▶ [TASK DETAILS]:
Once you find the line with "Honeybee Lessons.jpg", output it and every line after it exactly, through the last line of the listing, but no pictures.

▶ [MATERIAL PROVIDED]:
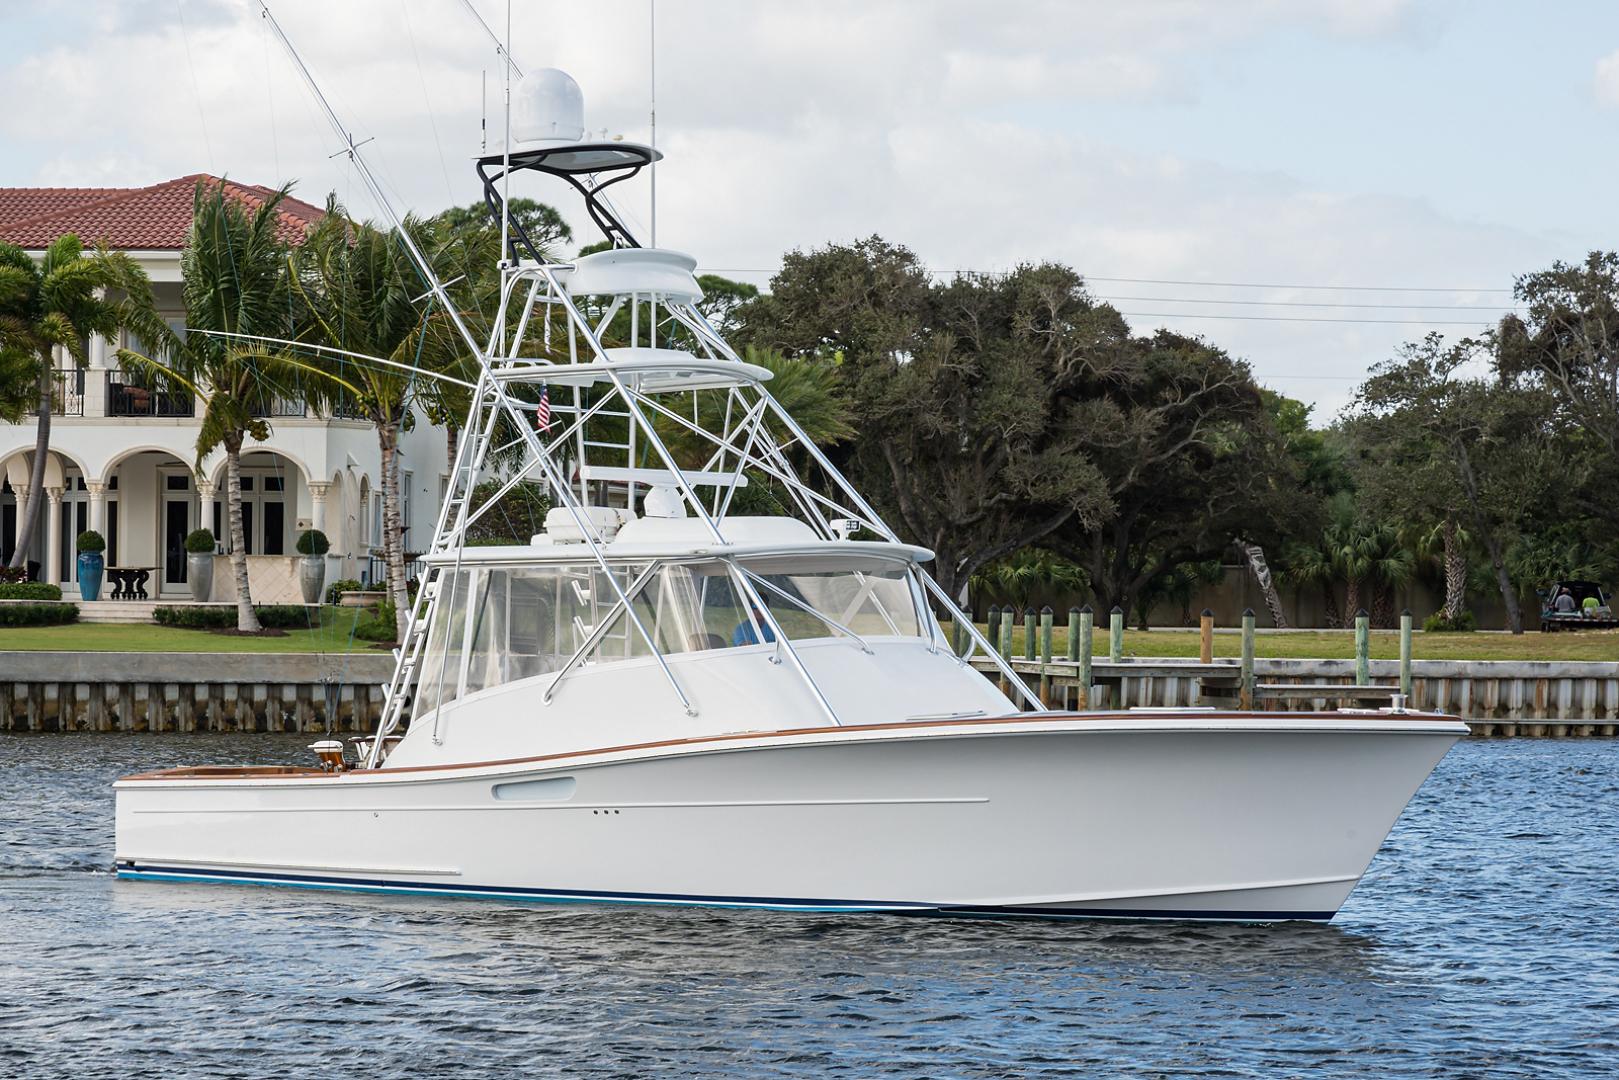 Release-One-of-A-Kind Custom Express 2014-Gladiator Jupiter-Florida-United States-Gladiator-1370078   Thumbnail
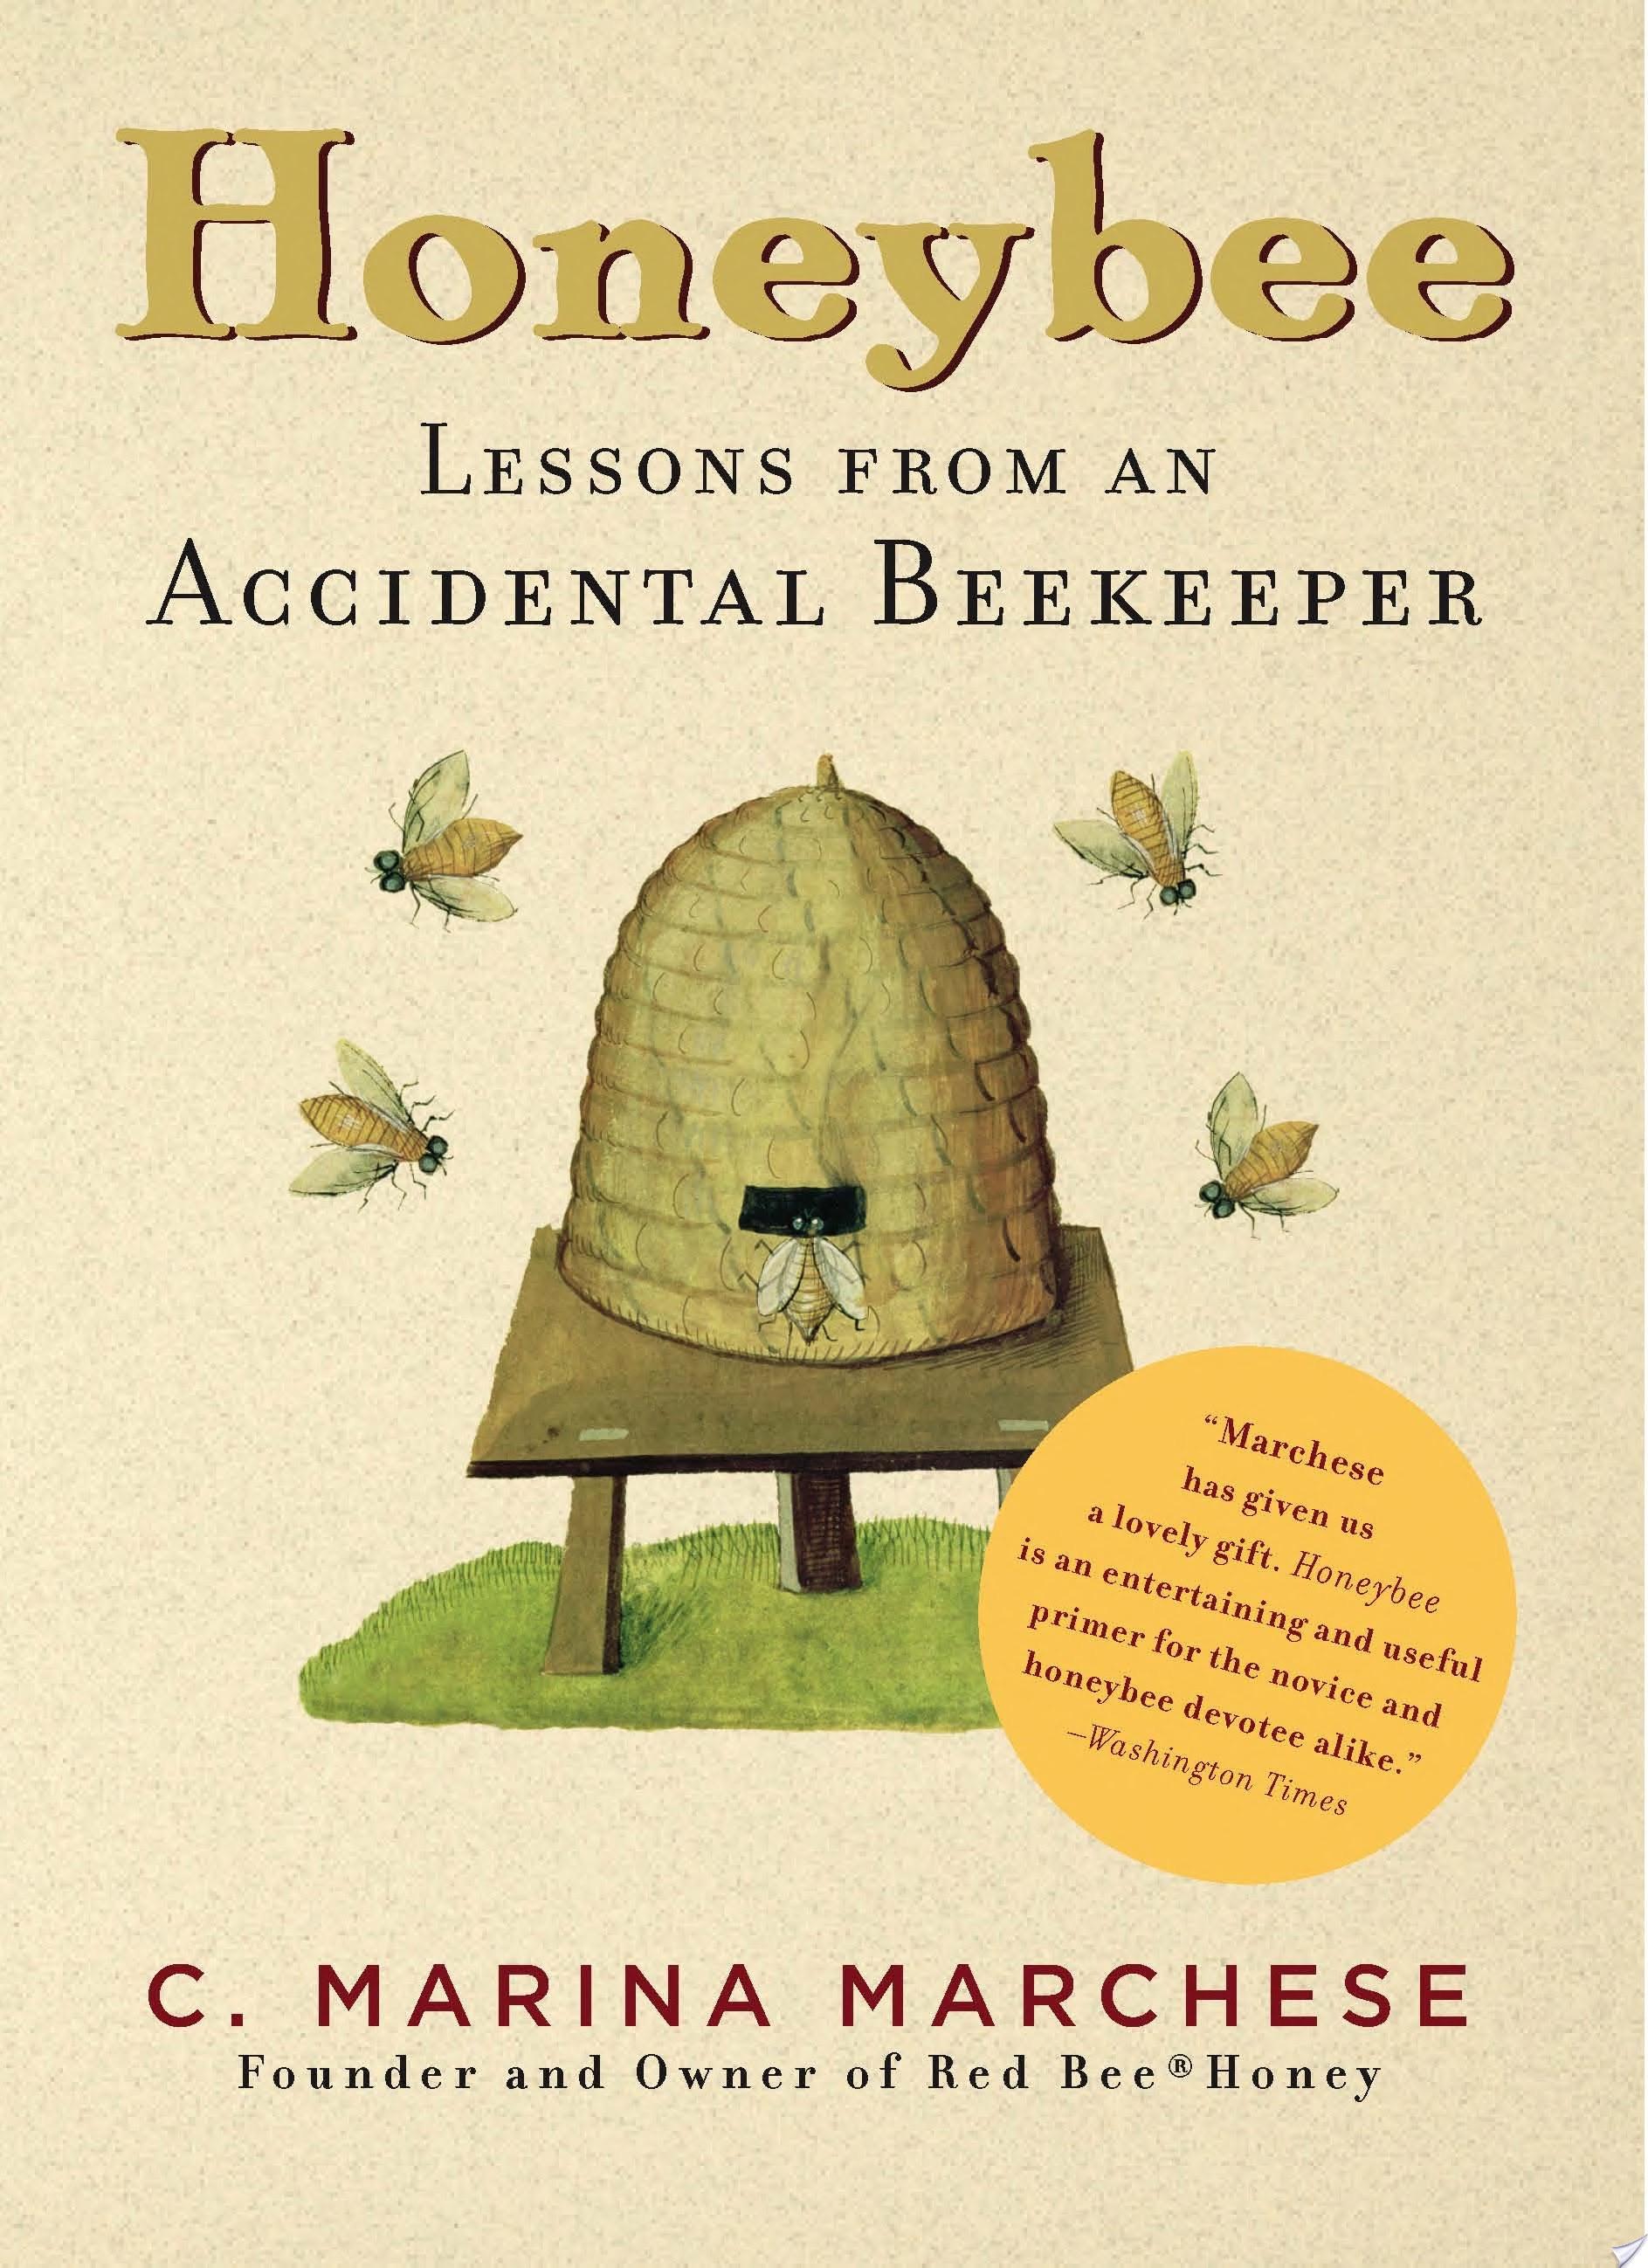 Honeybee Lessons.jpg
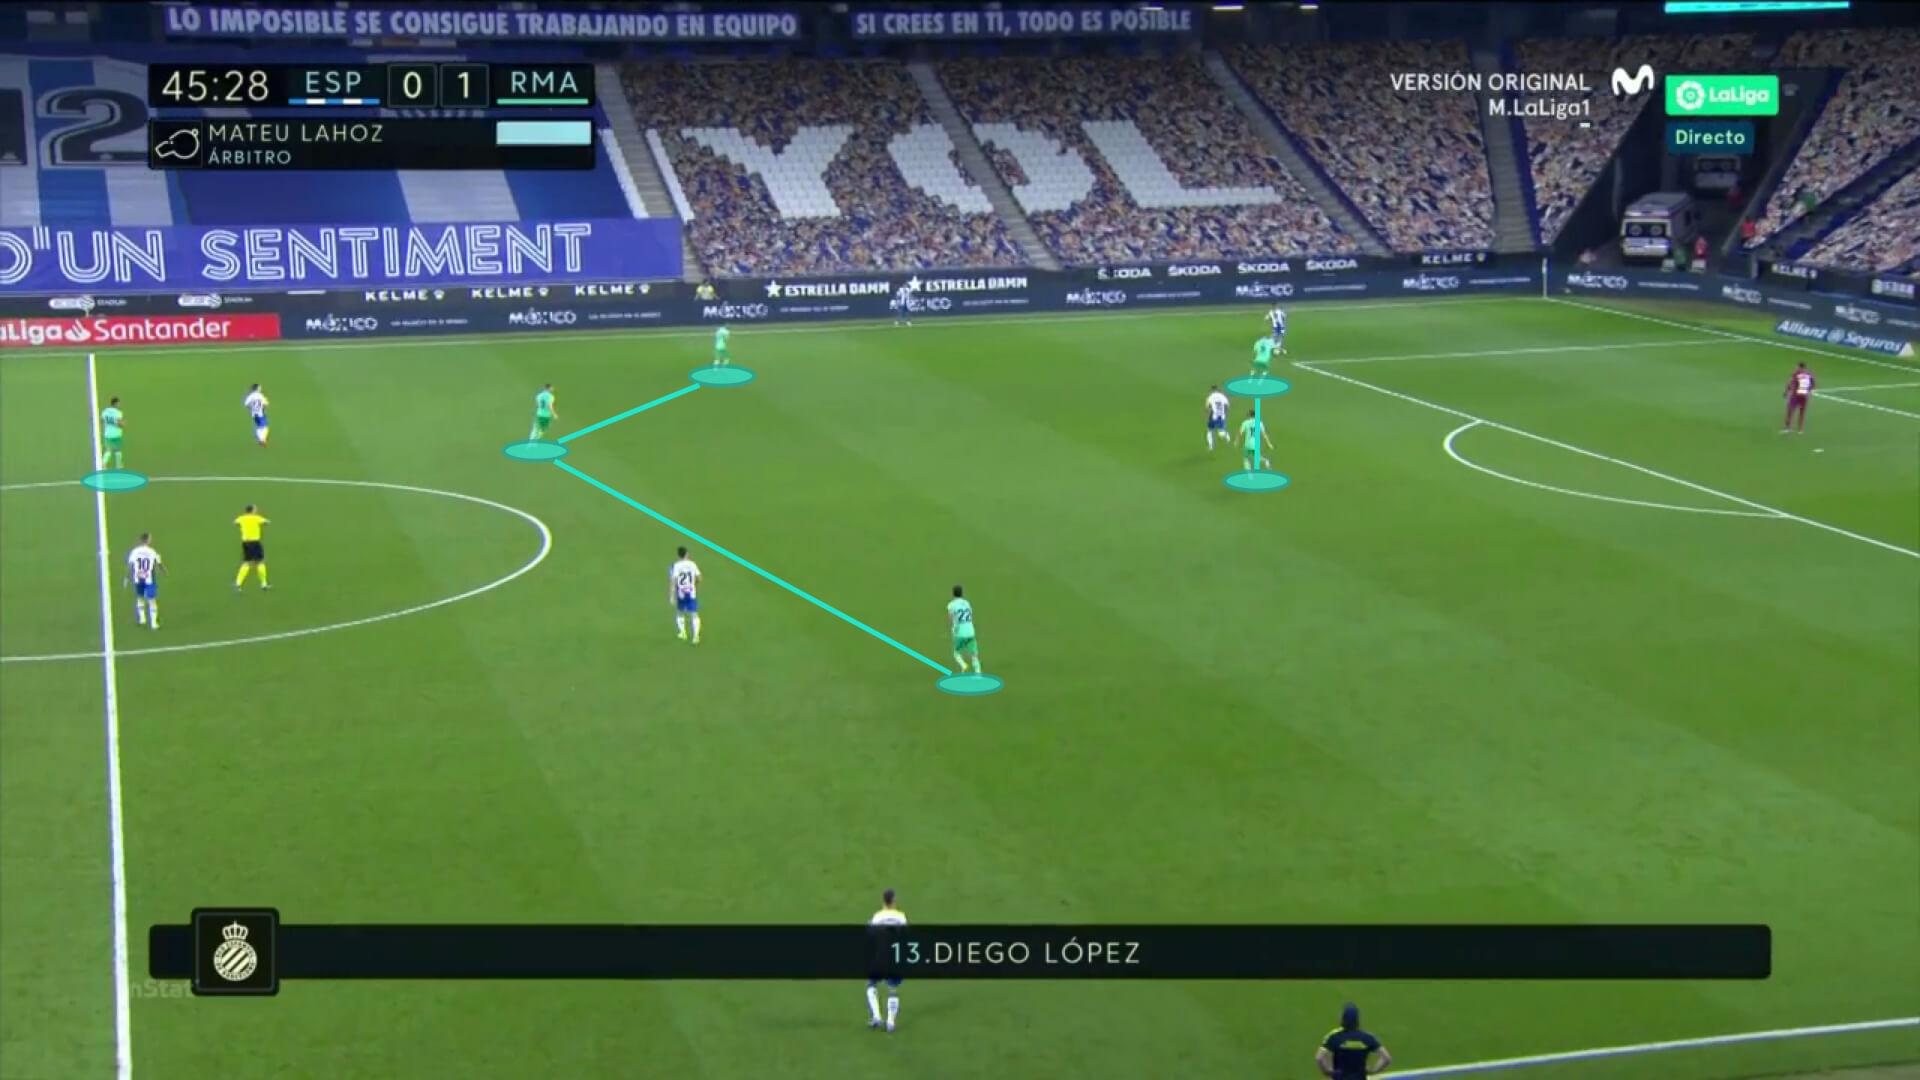 La Liga 2019/20: Espanyol vs Real Madrid - tactical analysis
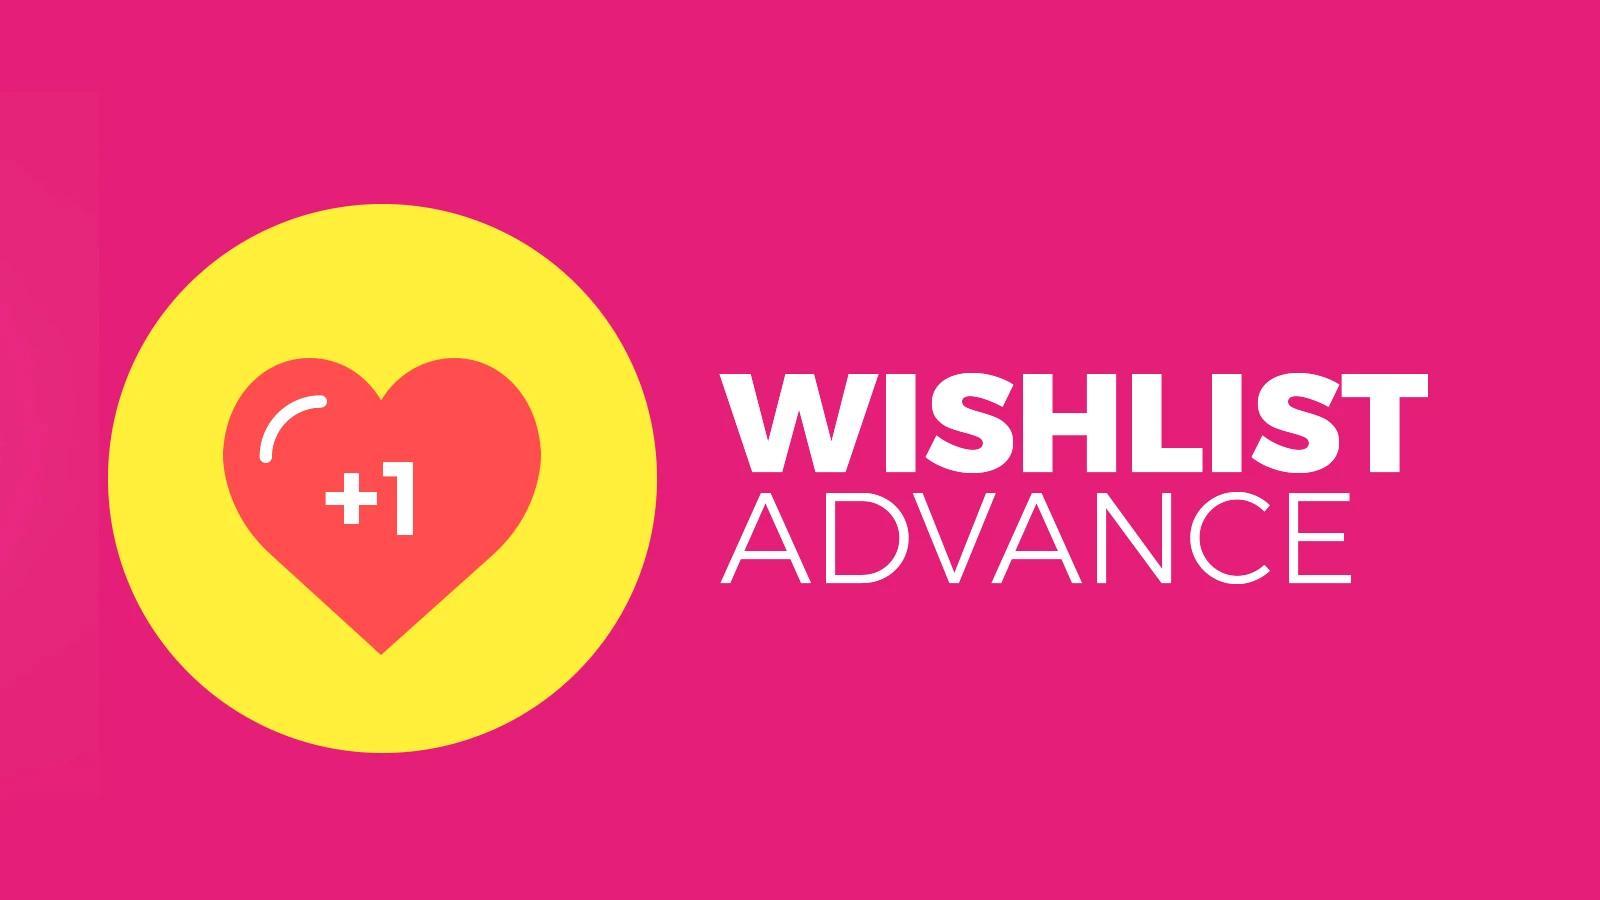 wishlist advance

▶ [EXERCISE ANSWER]:
 Honeybee Lessons.jpg
 La Liga 2019/20: Espanyol vs Real Madrid - tactical analysis
 wishlist advance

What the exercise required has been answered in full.